Search code examples
pythonnumpytensorflowkeraslstm

tensorflow-Keras LSTM VAE - Cannot convert a symbolic Tensor error on RHEL7 - Airflow


I am having the error

{taskinstance.py:1455} ERROR - Cannot convert a symbolic Tensor (lstm_4/strided_slice:0) to a numpy array. This error may indicate that you're trying to pass a Tensor to a NumPy call, which is not supported

Traceback (most recent call last)

when I create my LSTM-VAE model using the code below.

Configuration:

Python: 3.7.9
Tensorflow: 2.4.0
NumPy: 1.18.5

Odd thing is, the same code and configuration runs fine in Windows(also Windows server) but results in error in RHEL7. (I am working on Airflow) I tried upgrading to numpy 1.19.5 and tensorflow 2.4.1 with no result.

# Encoder
input_x = tensorflow.keras.layers.Input(
    shape=(time_steps, number_of_features)
)
encoder_lstm_int = tensorflow.keras.layers.LSTM(
    int_dim, return_sequences=True
)(input_x)
encoder_lstm_latent = tensorflow.keras.layers.LSTM(
    latent_dim, return_sequences=False
)(encoder_lstm_int)

z_mean = tensorflow.keras.layers.Dense(latent_dim)(encoder_lstm_latent)
z_log_sigma = tensorflow.keras.layers.Dense(latent_dim)(
    encoder_lstm_latent
)
z_encoder_output = _Sampling()([z_mean, z_log_sigma])

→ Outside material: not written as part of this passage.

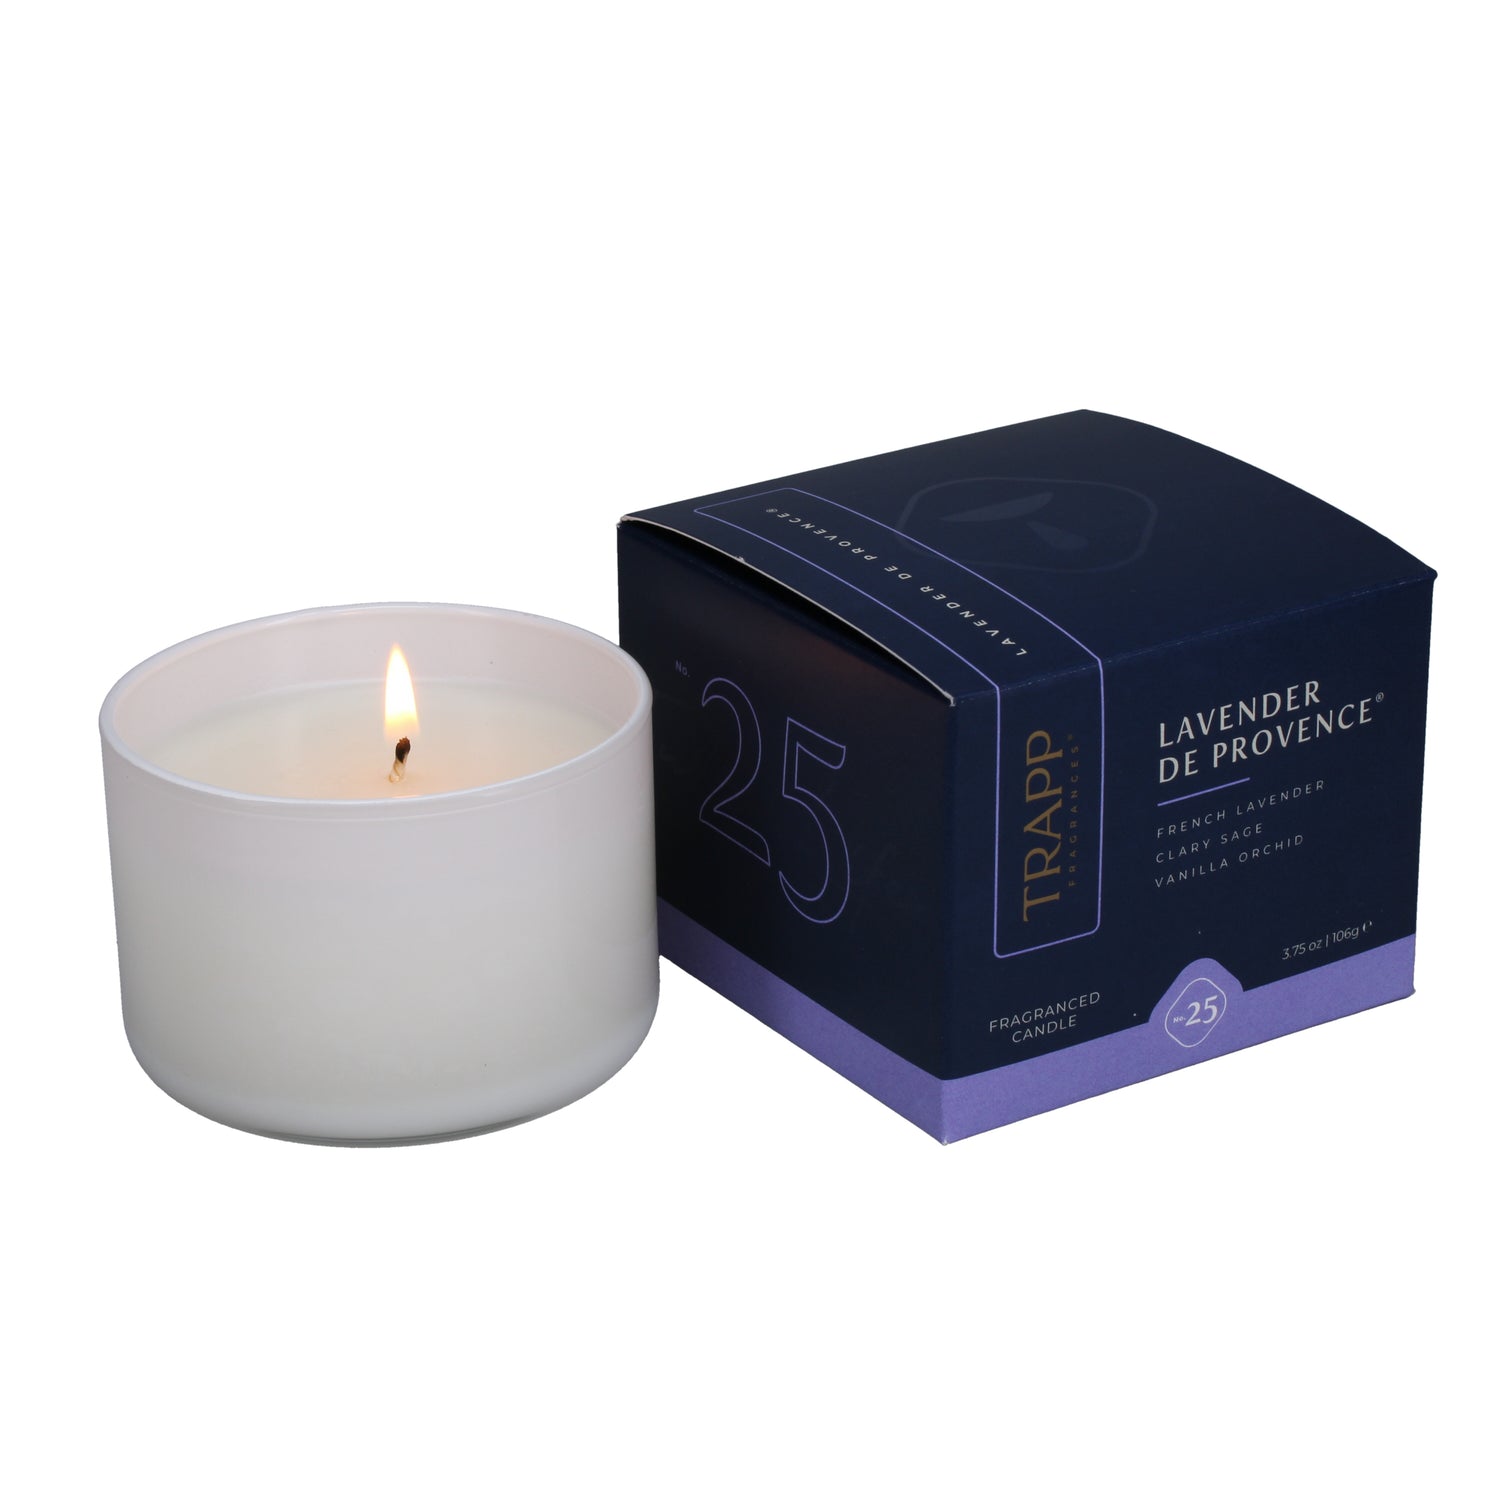 No. 25 Lavender de Provence 3.75 oz. Small Poured Candle Image 2
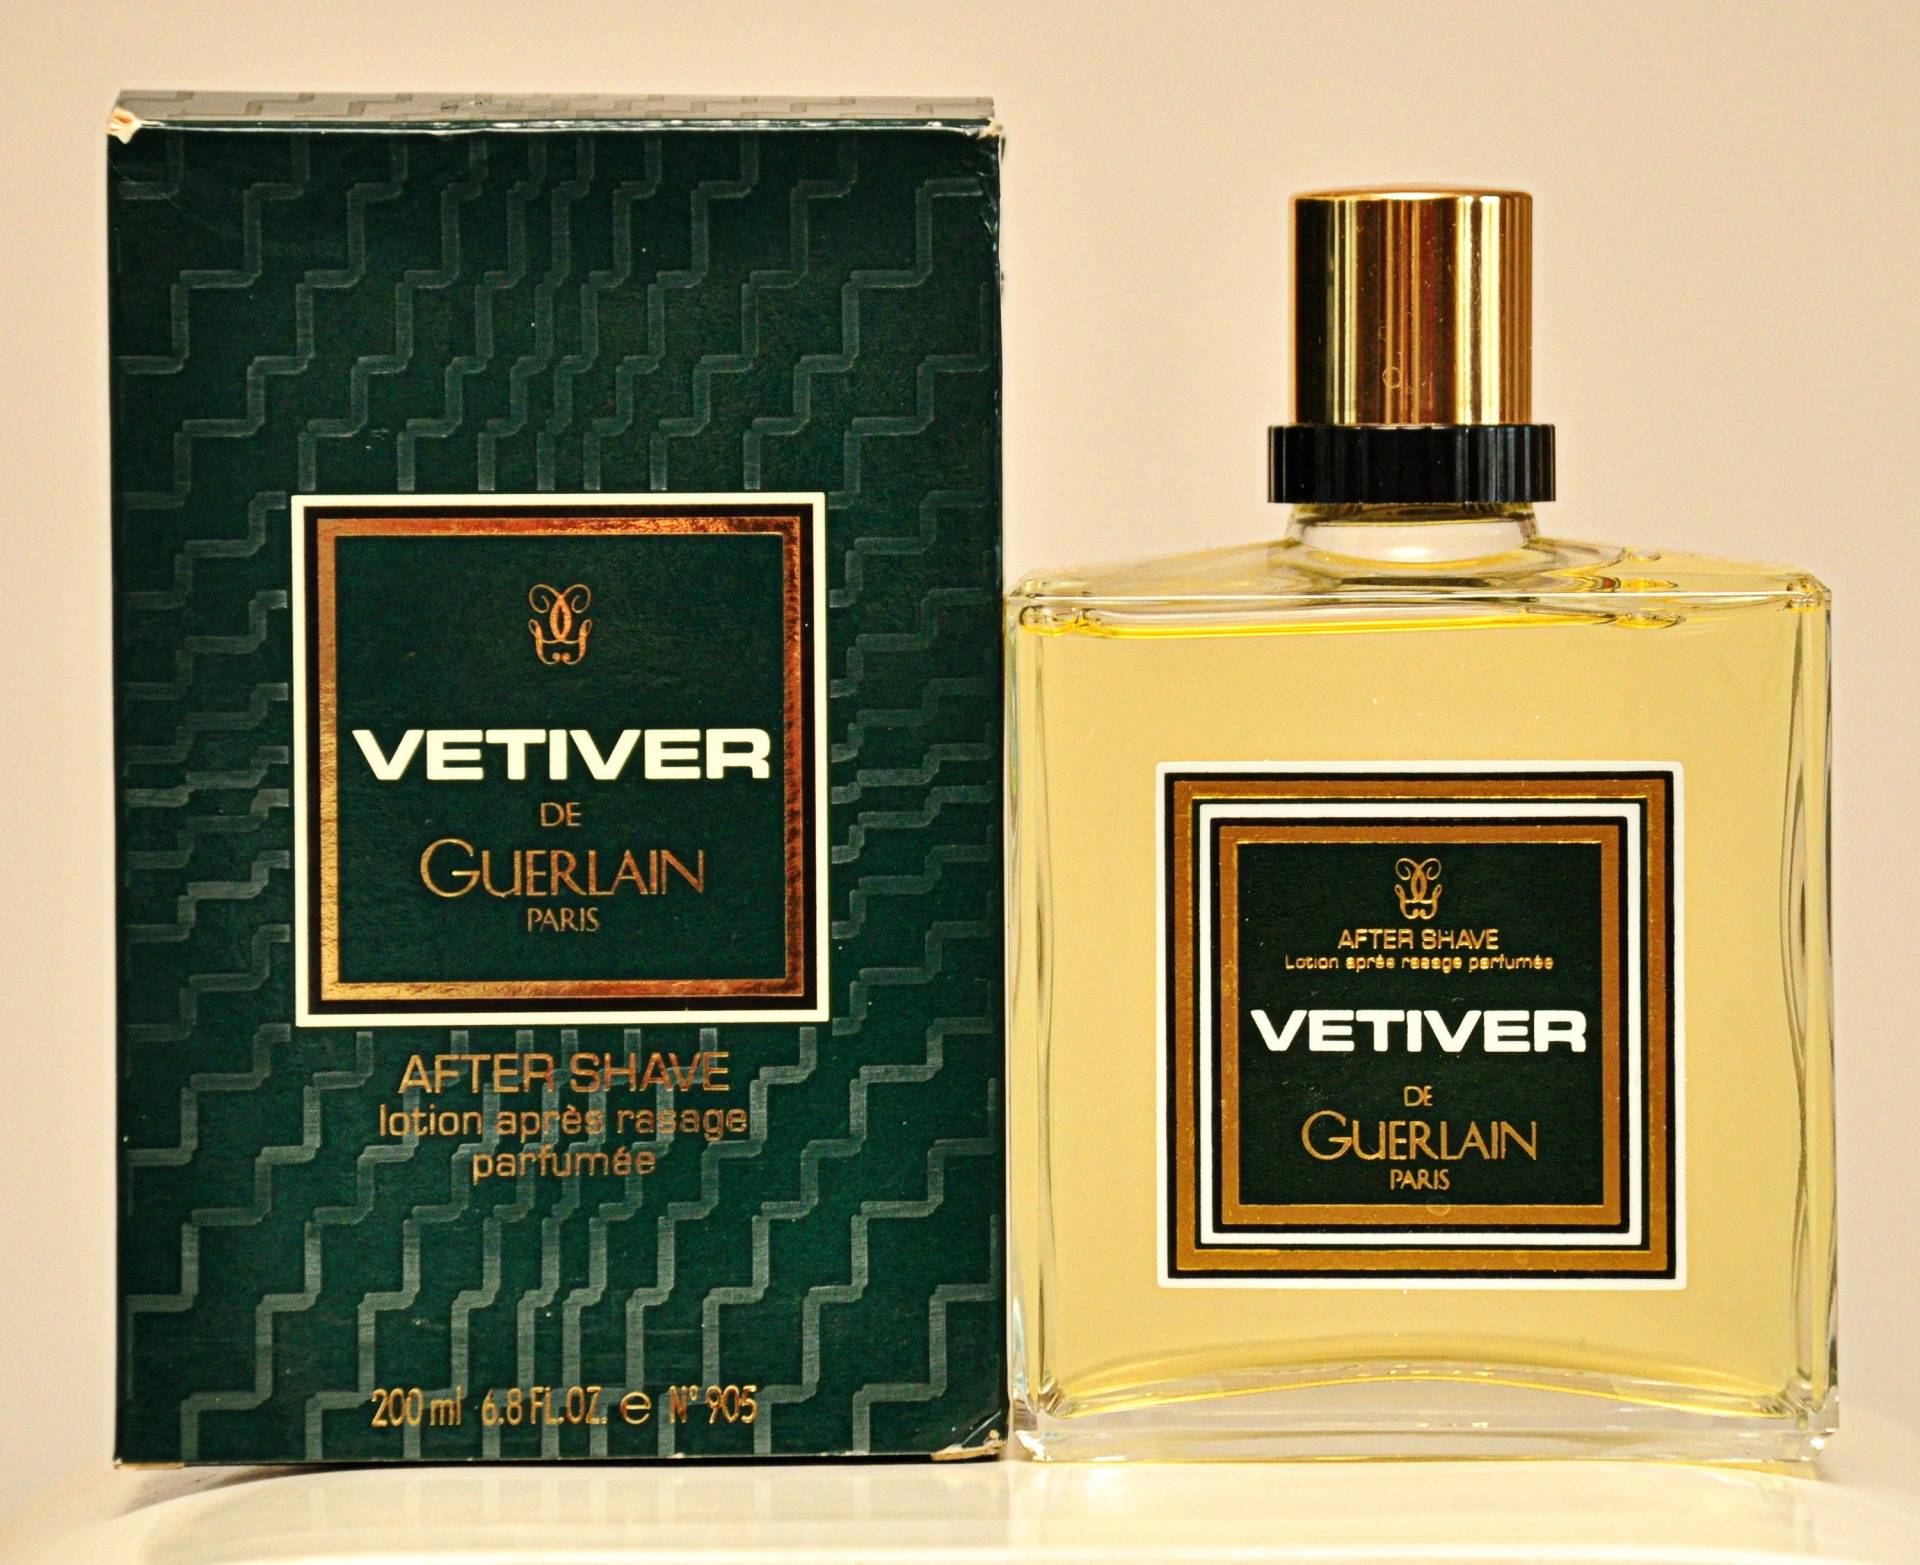 Guerlain Vetiver De Lotion Après Rasage Parfumée 200Ml Splash Non Spray Perfume Man Very Rare Vintage 1959 Version 1992 von YourVintagePerfume

encoder: tensorflow.keras.models.Model = tensorflow.keras.models.Model(
    input_x, [z_mean, z_log_sigma, z_encoder_output]
)

# Decoder
decoder_input = tensorflow.keras.layers.Input(shape=(latent_dim))
decoder_repeated = tensorflow.keras.layers.RepeatVector(time_steps)(
    decoder_input
)
decoder_lstm_int = tensorflow.keras.layers.LSTM(
    int_dim, return_sequences=True
)(decoder_repeated)
decoder_lstm = tensorflow.keras.layers.LSTM(
    number_of_features, return_sequences=True
)(decoder_lstm_int)
decoder_dense1 = tensorflow.keras.layers.TimeDistributed(
    tensorflow.keras.layers.Dense(number_of_features * 2)
)(decoder_lstm)
decoder_output = tensorflow.keras.layers.TimeDistributed(
    tensorflow.keras.layers.Dense(number_of_features)
)(decoder_dense1)
decoder: tensorflow.keras.models.Model = tensorflow.keras.models.Model(
    decoder_input, decoder_output
)

# VAE
output = decoder(
    encoder(input_x)[2]
)  # this is the part encoder and decoder are connected together. Decoder
# takes the encoder output's[2] as input
lstm_vae: tensorflow.keras.models.Model = tensorflow.keras.models.Model(
    input_x, output, name='lstm_vae'
)

# Loss
rec_loss = (
    tensorflow.keras.backend.mean(
        tensorflow.keras.losses.mse(input_x, output)
    )
    * number_of_features
)
kl_loss = -0.5 * tensorflow.keras.backend.mean(
    1
    + z_log_sigma
    - tensorflow.keras.backend.square(z_mean)
    - tensorflow.keras.backend.exp(z_log_sigma)
)
vae_loss = rec_loss + kl_loss

lstm_vae.add_loss(vae_loss)
lstm_vae.compile(optimizer='adam', loss='mean_squared_error')

return encoder, decoder, lstm_vae

class _Sampling(tensorflow.keras.layers.Layer):
"""Sampling for encoder output."""

@staticmethod
def call(args):
    """
    Does sampling from the learned mu, std latent space for Decoder.
    """
    z_mean, z_log_sigma = args
    batch_size = tensorflow.shape(z_mean)[0]
    latent_dim = tensorflow.shape(z_mean)[1]
    epsilon = tensorflow.keras.backend.random_normal(
        shape=(batch_size, latent_dim), mean=0, stddev=1
    )
    return z_mean + tensorflow.keras.backend.exp(z_log_sigma / 2) * epsilon

Similar issues exist in stackoverflow where people used NumPy array as part of Tensor operations but I don't have any NumPy array or NumPy operation in my model either. Another solution was downgrading NumPy from 1.20 to 1.18 but that's already my version. So I am clueless right now.


Solution

  • Answering my own question: This occured only because of NumPy 1.20. Even though I downgraded to NumPy 1.18.5 I still got the error because Airflow somehow cached(either in memory or in airflow/.local) previous installation of NumPy(1.20) and used it despite pip listing 1.18.5, so I had to remove numpy in airflow's .local environment and rebooted the machine and this was resolved.